Producing Surprising Insights Into Cosmic Evolution

Since the earliest days of computers, scientists have looked into their potential for simulating the cosmic processes that led to the creation of the near limitless amounts of galaxies in the observable universe. The shortcomings of previous computer technology limited their practical applications in this regard. However, thanks to the levels of processing power offered by modern computer hardware, along with refinement in algorithm scripting, simulations are reaching a point where they can begin to accurately replicate the mathematical values involved with the development of an individual galaxy. What’s more is that computer technology is advancing exponentially, meaning that progress is accelerating at a truly impressive rate.

Run the Numbers

As these galactic simulations improve, they’re developing a new role in cosmic research. Whereas before information would flow in one direction from astronomers’ studies of real galaxies to the programmers trying to model them, these simulations can now provide astronomers with fresh insights into the development of real cosmic bodies, allowing predictions to make up for the shortcomings of the observation process.

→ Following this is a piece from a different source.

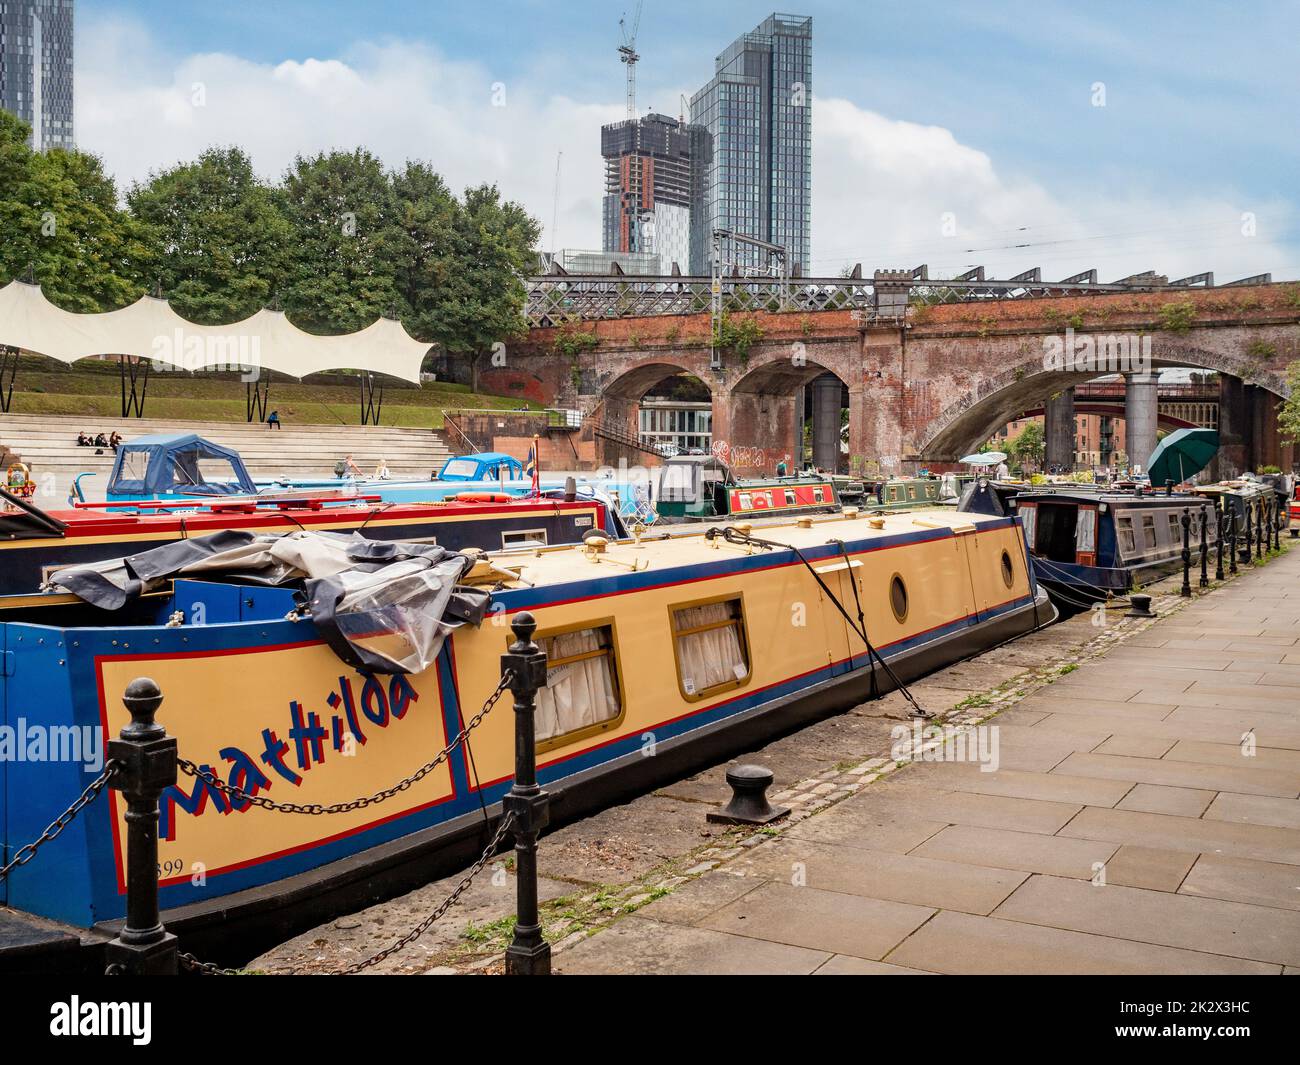 Des bateaux étroits amarrés dans le bras Staffordshire du canal Bridgewater avec Elizabeth Tower au loin. Manchester, Royaume-Uni. Banque D'Images

Such developments offered by the latest modeling have shown that the earliest galaxies took on a peculiar pickle-like shape; that thin spiral-shaped galaxies show surprising resilience in the face of collisions; and that galaxies form stars at a much slower rate than scientists researching the universe’s evolution previously suspected.

Mapping the Stars

The simulations also provide cosmologists with the pause for thought. Many in the community hope that the processes fuelling galaxy formation will be relatively straightforward, governed by a few core principles of astrophysics. However, simulations suggest that a galaxy’s development is a much more complicated business than previously suggested and that understanding the factors behind accounts for the formation of an individual galaxy’s structure will be a lot more arduous than previously thought.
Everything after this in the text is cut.